Do you have TransferService declared in the AndroidManifest? Are you starting the service from your app?
Ok good catch.
Yes, TransferService is in the manifest like so:
<service android:name="com.amazonaws.mobileconnectors.s3.transferutility.TransferService" android:enabled="true" />
Yes, it is started from the first activity - see startService in the original report in this thread - the last line there.
@hipwelljo I would suggest to start the service from Application.onCreate()
public class MyApplication extends Application {
// Overriding this method is totally optional!
@Override
public void onCreate() {
super.onCreate();
// Required initialization logic here!
// Network service
getApplicationContext().startService(new Intent(getApplicationContext(), TransferService.class));
}
}
Can you try with this?
Okay I've moved that startService call into an Application subclass, but I continue to get the same outcome. Do you recommend moving the initialize call into there as well, or keep that in the first activity?
In reproducing this issue more today, I am seeing the upload does in fact succeed, which explains why it reports 100% progress, so it seems the only issue is the incorrect state update of FAILED when it should be COMPLETED.
@hipwelljo We can debug this issue in the call.
To document this for anyone following along, as discussed on the call, it was suspected maybe the poor network results in a failure to verify the photo was uploaded to s3 due to a timeout - s3 has a 20s socket timeout. That could maybe explain why the photo was uploaded successfully yet the sdk couldn't confirm that and thus it reports it FAILED. Karthik is investigating to see if another request is made for single-part uploads. As a temporary workaround, it was suggested to check for a FAILED state and then find out if the object exists in s3 via a metadata HEAD request and if not then retry it.

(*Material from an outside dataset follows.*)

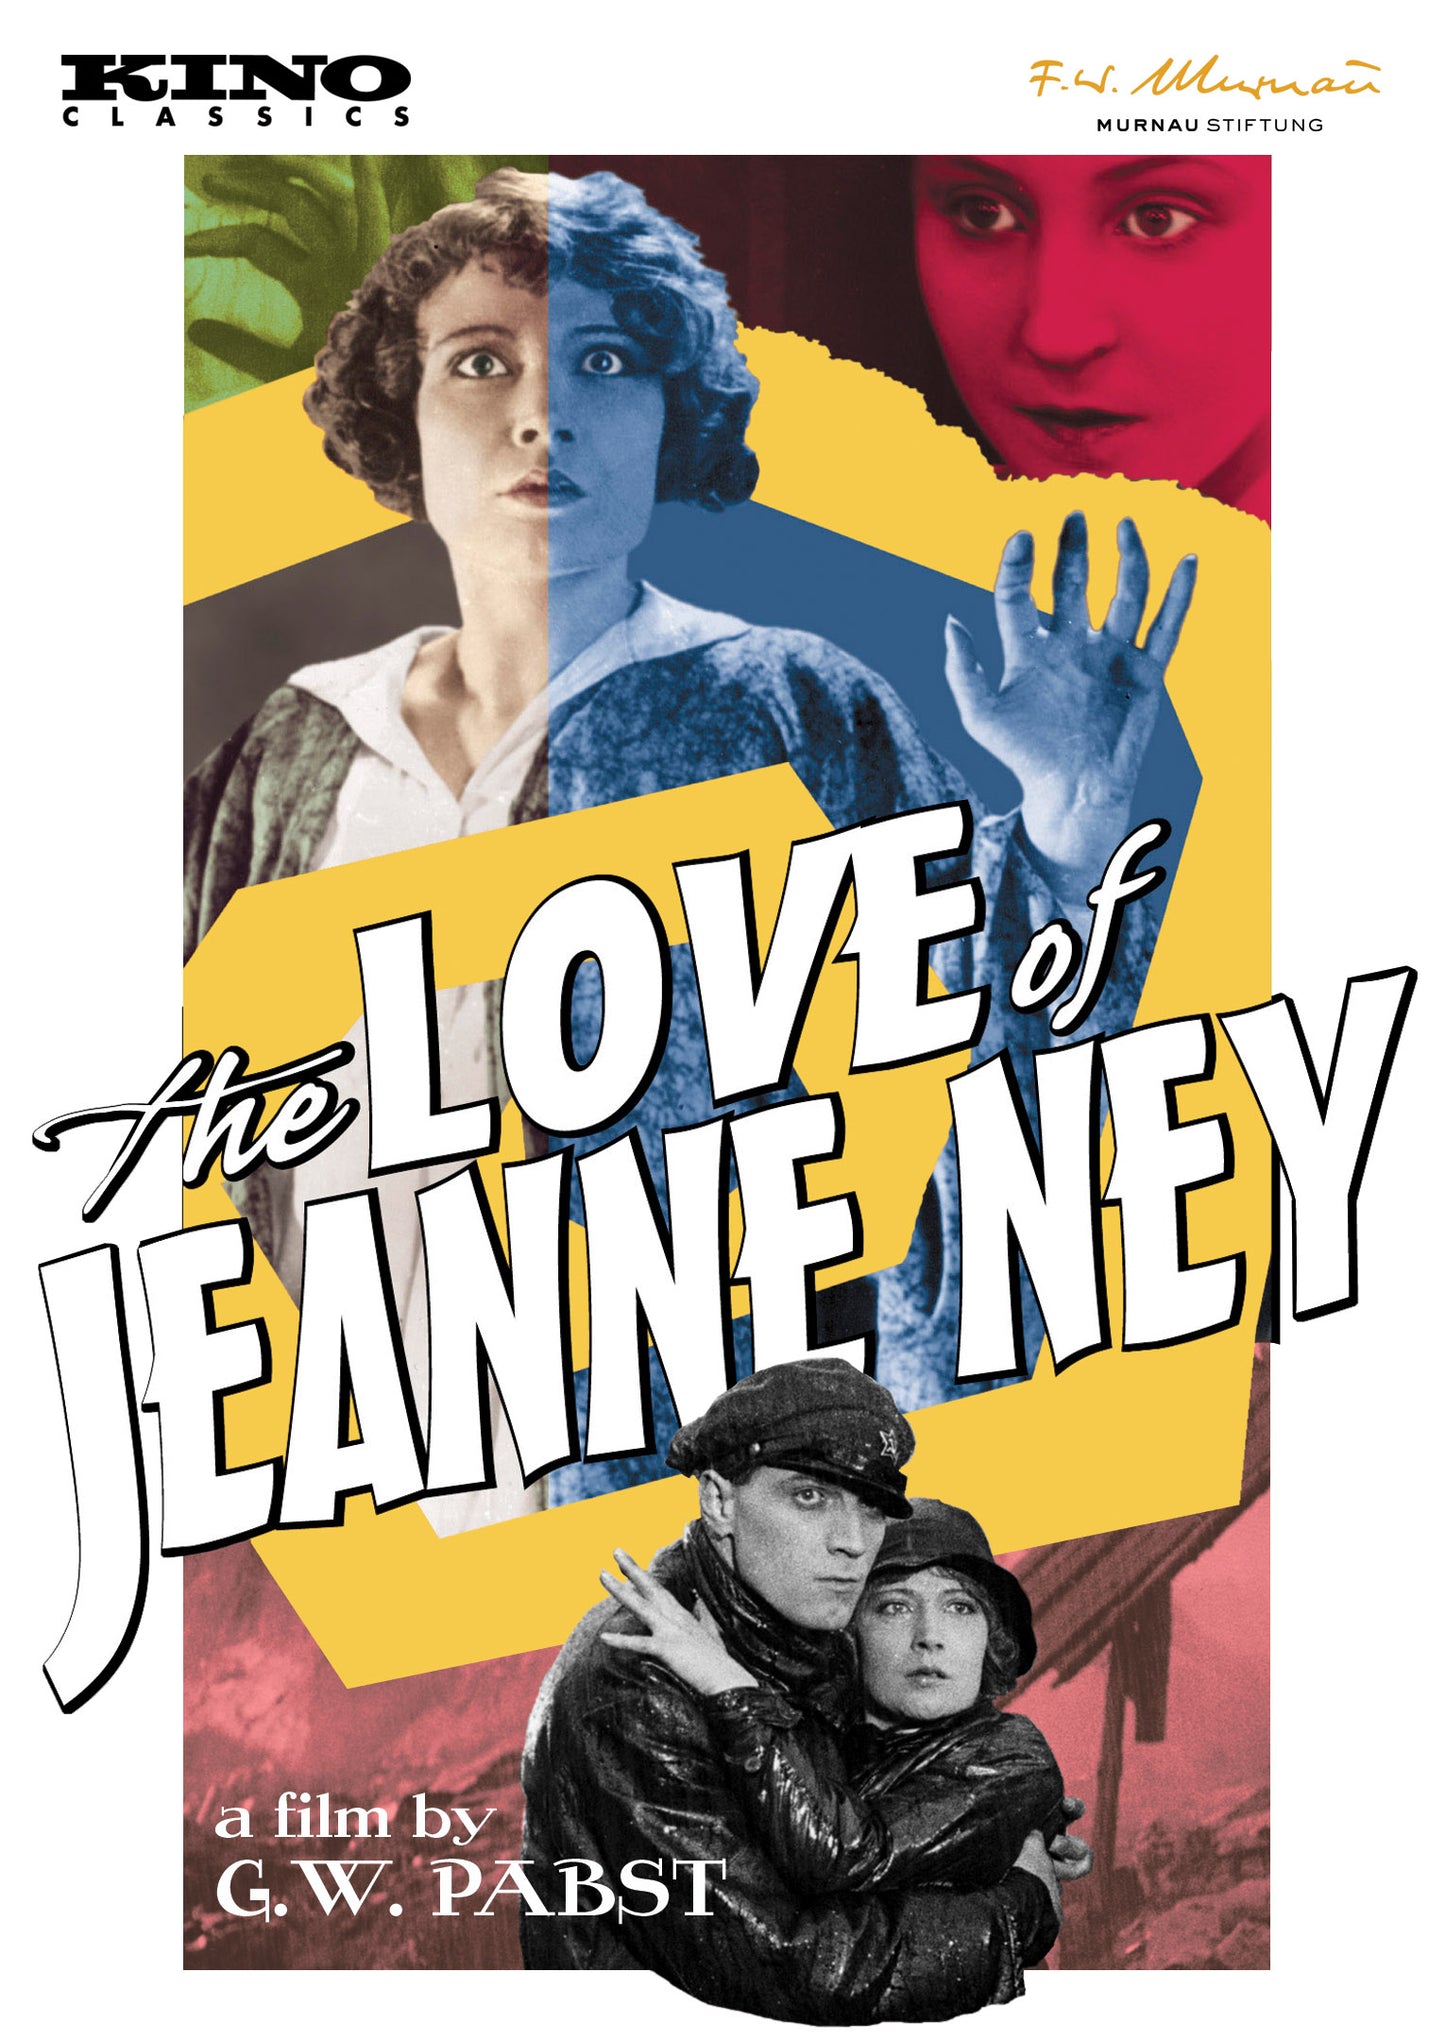 Love of Jeanne Ney cover art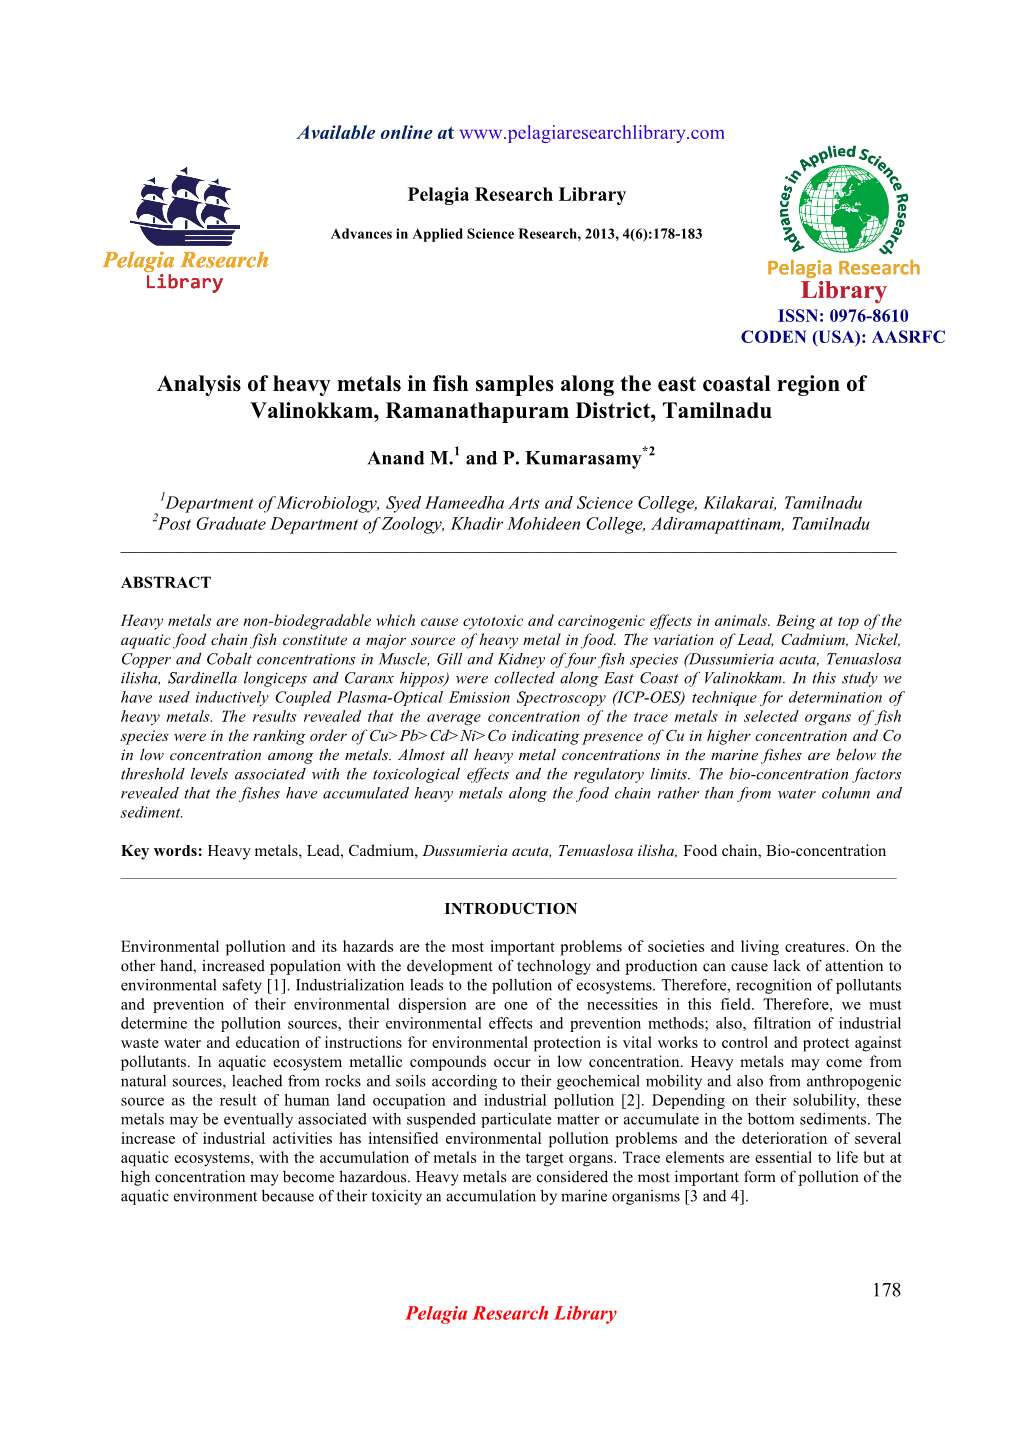 Analysis of Heavy Metals in Fish Samples Along the East Coastal Region of Valinokkam, Ramanathapuram District, Tamilnadu

I can confirm that we do not make additional request for single-part uploads. The retry functionality is a feature request for TransferUtility in Android. Meanwhile as @hipwelljo pointed out, one could check for the FAILED state and resume or start a new upload transfer.
Thanks for checking into that @kvasukib! Do you have any other ideas as to why sometimes the state changes to FAILED even though the photo did upload to S3 on a poor connection like edge?
@hipwelljo I would check the device, API level and network conditions. Can you try the same experiment on a different device or network condition? You could also check if there any firewall policies set on the network?
@kvasukib The issue only occurs with a poor network condition like Edge data speeds (but many of our customers will be in that scenario) that I've seen. I do only have the one physical device available to test with, besides emulators which I can reproduce this issue on those as well (Pixel and Pixel 2, let me know if you would like me to try others). I can confirm there's not any firewall policies set on the network and have reproduced it on two different WiFi networks.
@hipwelljo @kvasukib Hi guys, first of all sorry for my English.
I have the same issue simulating 3G conditions (1024 kbps Upload bandwidth).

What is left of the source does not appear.